Hi,
I have a HDR network, where I have multiple nodes connected. Now I am trying to connect a 9790 NDR switch to this HDR network with the help of a copper OSFP Finned to 2x QSFP cable. The 9790 switch is further connected by a node which has a Connect X-7 card, and now I want to make the node show up in the entire network.
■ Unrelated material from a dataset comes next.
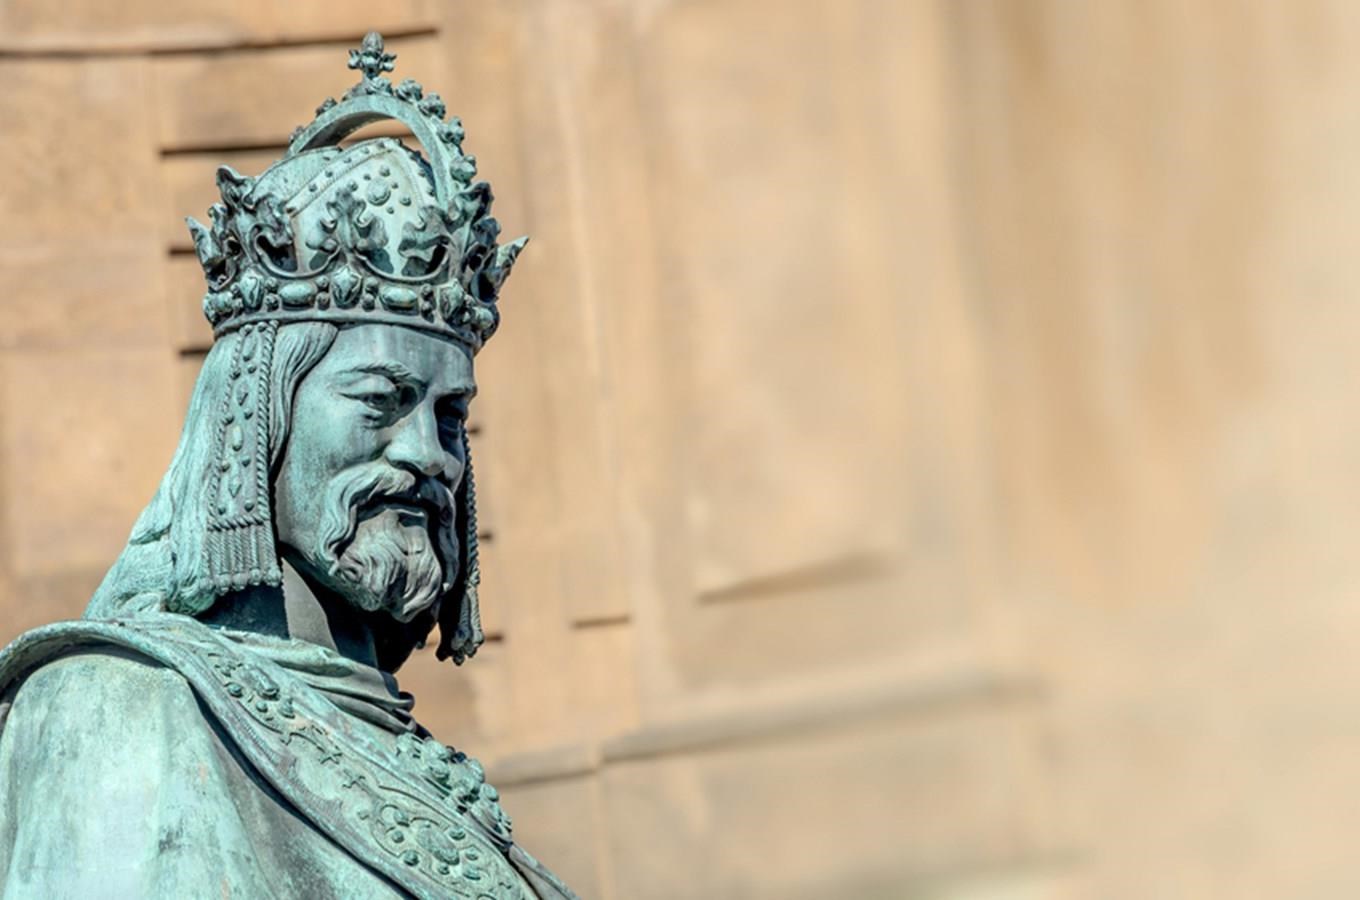 Karel IV., rytíř i zbožný sběratel ostatků, se narodil před 706 lety
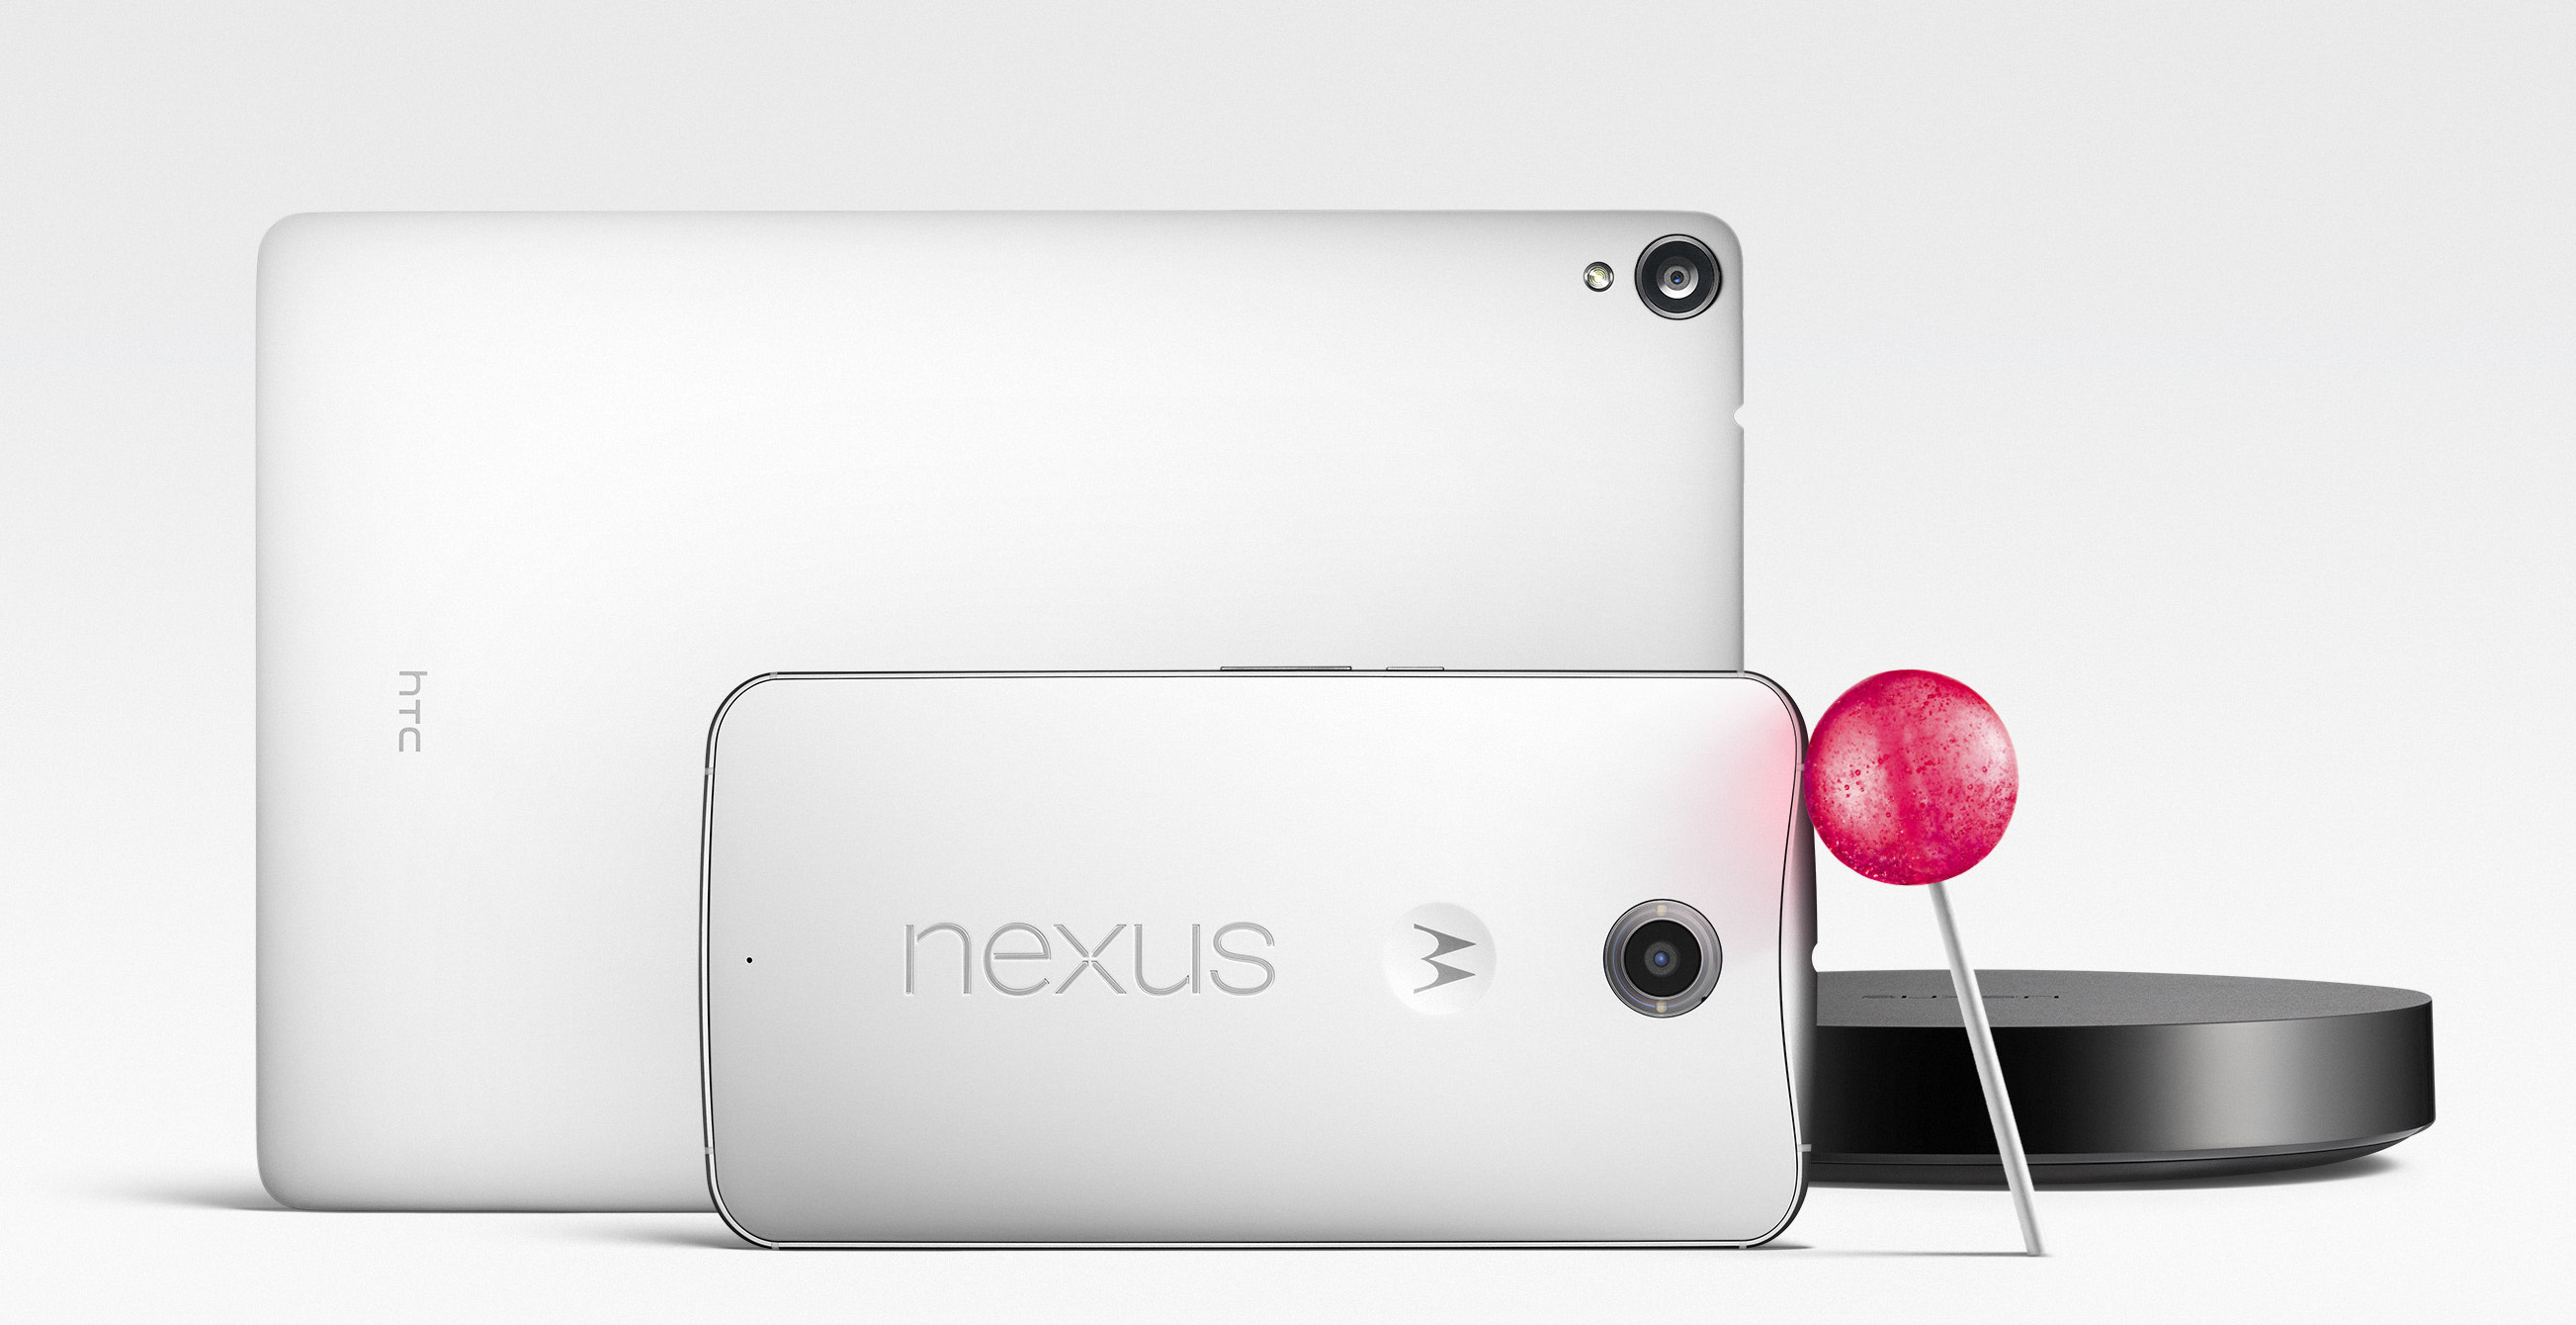  Android Lollipop e i nuovi NEXUS 6, 9 e Player: le novità di Google

This is where the issues arise.
The switch and the NDR node show up in my network if I do ibswitches, however, on the node I can not get the infiniband interface to go up.
ibstatus shows:
CA 'ibp26s0'
CA type: MT4129
Number of ports: 1
Firmware version: 28.38.1002
Hardware version: 0
Node GUID: 0xa088c203006043b6
System image GUID: 0xa088c203006043b6
Port 1:
State: Active
Physical state: LinkUp
Rate: 400
Base lid: 109
LMC: 0
SM lid: 221
Capability mask: 0xa751e848
Port GUID: 0xa088c203006043b6
Link layer: InfiniBand
whereas dmesg gives me the error:
ibp26s0: multicast join failed for ff12:401b:ffff:0000:0000:0000:ffff:ffff, status -22
I have tried changing the MTU from 4092 to 2044 but that also does not work.
ibportstate gives:
ibportstate 109 1
CA/RT PortInfo:
# Port info: Lid 109 port 1
LinkState:.......................Active
PhysLinkState:...................LinkUp
Lid:.............................109
SMLid:...........................221
LMC:.............................0
LinkWidthSupported:..............1X or 4X or 2X
LinkWidthEnabled:................1X or 4X or 2X
LinkWidthActive:.................4X
LinkSpeedSupported:..............2.5 Gbps
LinkSpeedEnabled:................2.5 Gbps
LinkSpeedActive:.................Extended speed
LinkSpeedExtSupported:...........14.0625 Gbps or 25.78125 Gbps or 53.125 Gbps or 106.25 Gbps
LinkSpeedExtEnabled:.............14.0625 Gbps or 25.78125 Gbps or 53.125 Gbps or 106.25 Gbps
LinkSpeedExtActive:..............106.25 Gbps
Mkey:............................<not displayed>
MkeyLeasePeriod:.................0
ProtectBits:.....................0
This is all on debian12, with native debian drivers with an unconfigured, out of the box opensm. I want to know what am I missing? Is it a misconfiguration of opensm where NDR speeds are not allowed on HDR networks? Currently my opensm is running on a HDR node.
I have another node (Connect X-7 NDR) which is connected directly to the HDR 8790 switch via a flat OSFP to 2x QSFP cable and it works fine and I can use IPoIB and mount things over RDMA.